A tasty one to try if ever in canberra is the wig & pen's mr natural, one of the best lights I've ever tried. I made a tasty one about a month ago that didn't last too long in the keg, see the NZ mild recipe here Came in at 1.036, finished at 1.014 with windsor dry yeast. 2.98% smelt amazing...


----------



## barls (29/7/08)

the coopers regency light wasnt too bad last time i had it.
other than that there are the 3 mid strengths previously mentioned


----------



## Mercs Own (29/7/08)

is a shandy considered a light beer?


----------



## dig (29/7/08)

I like Gage Roads Pils, Rogers and Mr Natural (which I believe is 50/50 vienna and munich). Gage Roads are making great beer these days; go out and get a fresh one if you haven't for a while.


----------



## dig (29/7/08)

Mind you, I hardly ever drink reduced EtOH beer as I just don't see the point. Would rather sip away at something big and tasty than hoover down biblical quantities of liquid.


----------



## Mercs Own (29/7/08)

dig said:


> Mind you, I hardly ever drink reduced EtOH beer as I just don't see the point. Would rather sip away at something big and tasty than hoover down biblical quantities of liquid.


 
You mean like a shandy?


----------



## dig (29/7/08)

Yes, like shandy. Shandy is an abomination and its preparation should be legislated against. Commercial examples, such as Tui IPA, should be be subject to the new alcopop tax.


----------



## sinkas (29/7/08)

dig said:


> Gage Roads are making great beer these days; go out and get a fresh one if you haven't for a while.




Dont they make Matso's Smokey Bishop?


----------



## Online Brewing Supplies (29/7/08)

sinkas said:


> Dont they make Matso's Smokey Bishop?


If that is true , is that good or bad? I hear many differing reports about Matso's.
GB


----------



## Mercs Own (29/7/08)

dig said:


> Yes, like shandy. Shandy is an abomination and its preparation should be legislated against. Commercial examples, such as Tui IPA, should be be subject to the new alcopop tax.



Yes, well, I consider light beer close to same - no one goes out looking for light wine, light burbon and cola, light alco pops - light beer is an abomination - when beer was invented they didnt make light beer they made beer - imagine the Trappist Monks coming in for lunch and being given a Chimay Yellow light 2.3% do you reckon they would have gone back out in the fields or moved over to Brewery Duval as common peasants!

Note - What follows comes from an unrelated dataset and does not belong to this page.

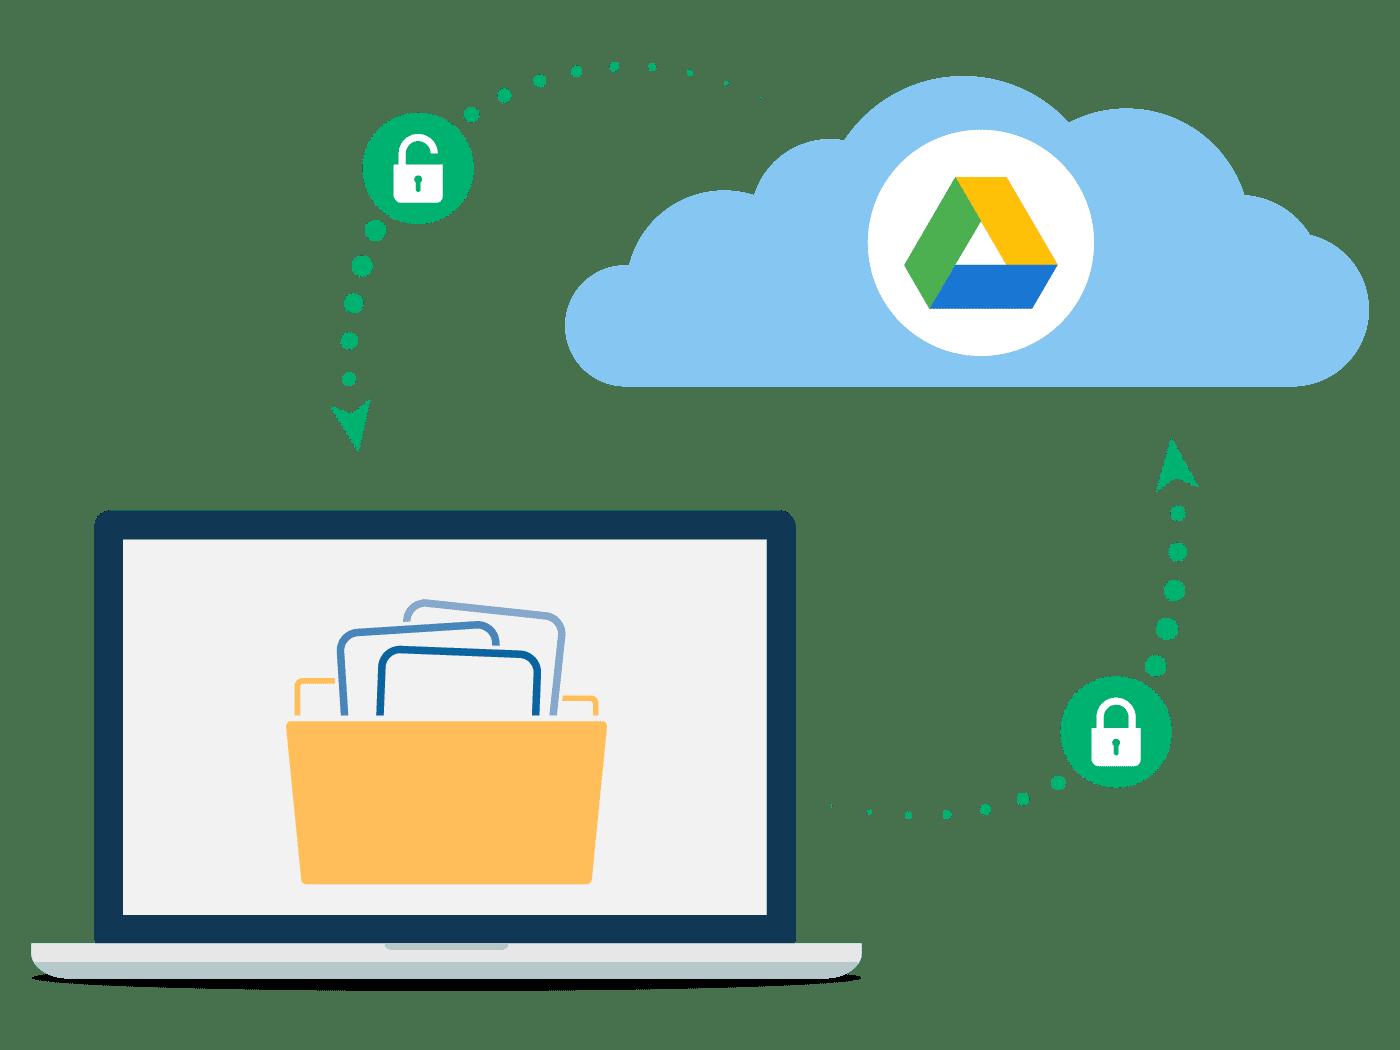 Google Drive Cloud Backup Services

As far as I am concerned if you are drinking light beer because you have to drive then the following is the best light beer - have one quality full strength beer and then have two equal amounts of water or mineral water drive home knowing all is well and enjoy a good strong Belgian triple at home sitting in your undies watching the football replay or motorcycling - go Troy and Casey!

Life is too short to drink light beer!

Drinking Light Beer is like watching a football game but seeing only one team playing. 

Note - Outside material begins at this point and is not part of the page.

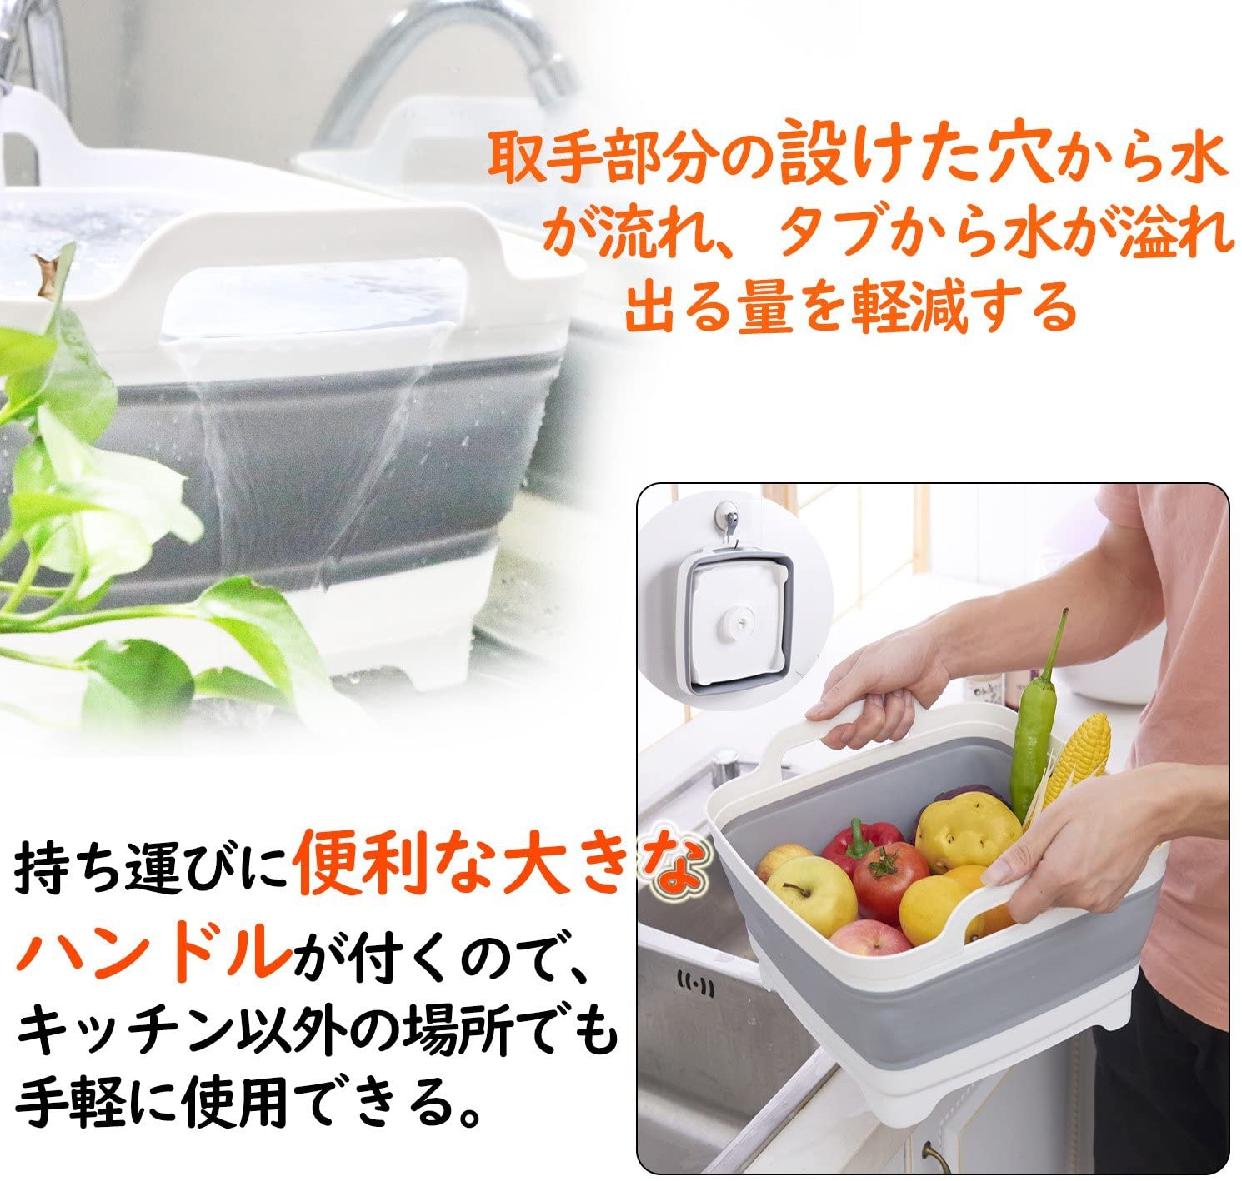 Hiveseen(ハイブシーン) 洗い桶 折りたたみ 8Lの商品画像4

Drinking light beer is like watching the V8's screaming around Phillip Island only on 3 cylinders.

Drinking Light beer is like going to sleep on your wedding night - alone.

Drinking light beer is as fattening as full strength beer but no where near as nice.

Drinking light beer is like eating slow braised lamb shanks with out any slow braised lamb shanks!

See what I mean?

Life is too short to drink light beer.


----------



## Tim (29/7/08)

Beer that is 3.5% abv is still considered full strength, and 5% is usually considrered strong. Most bitters are some where between 3.5 and 4% abv and they are definetly not light or mid strength.
I think the Australian mindset of beer has to be 5% to be full strength is a little out of step with the rest of the world. Americans go the other way and try and brew beer that is stronger again with everything being double this and imperial that.


----------



## Mercs Own (30/7/08)

Tim said:


> Beer that is 3.5% abv is still considered full strength, and 5% is usually considrered strong. Most bitters are some where between 3.5 and 4% abv and they are definetly not light or mid strength.
> I think the Australian mindset of beer has to be 5% to be full strength is a little out of step with the rest of the world. Americans go the other way and try and brew beer that is stronger again with everything being double this and imperial that.



Tim I dont know where you got that info from and being a long time beer drinker I have never heard that said before until reading your post. I dont know anyone that considers 3.5% a full strength and I certainly hope that doesnt become a legally recognised fact. As for a 5% being thought of as strong the closest thing I have seen that may suppot that is when you order a beer in Queensland and they ask if you want a 'heavy' which really means a full strength - I think it is in QLD that they do this and it makes sense when you remember that they are one of larger drinkers of mid strength beers.

Lastly the Americans have always made beer weaker than our good old Ozzy piss - around the 4% mark it is only in recent times and only the good old Micro brewing boys over there have started to make big high alcohol beers and double IPA's - well not so recent for high alc Belgian clones but certainly the 2xIPA.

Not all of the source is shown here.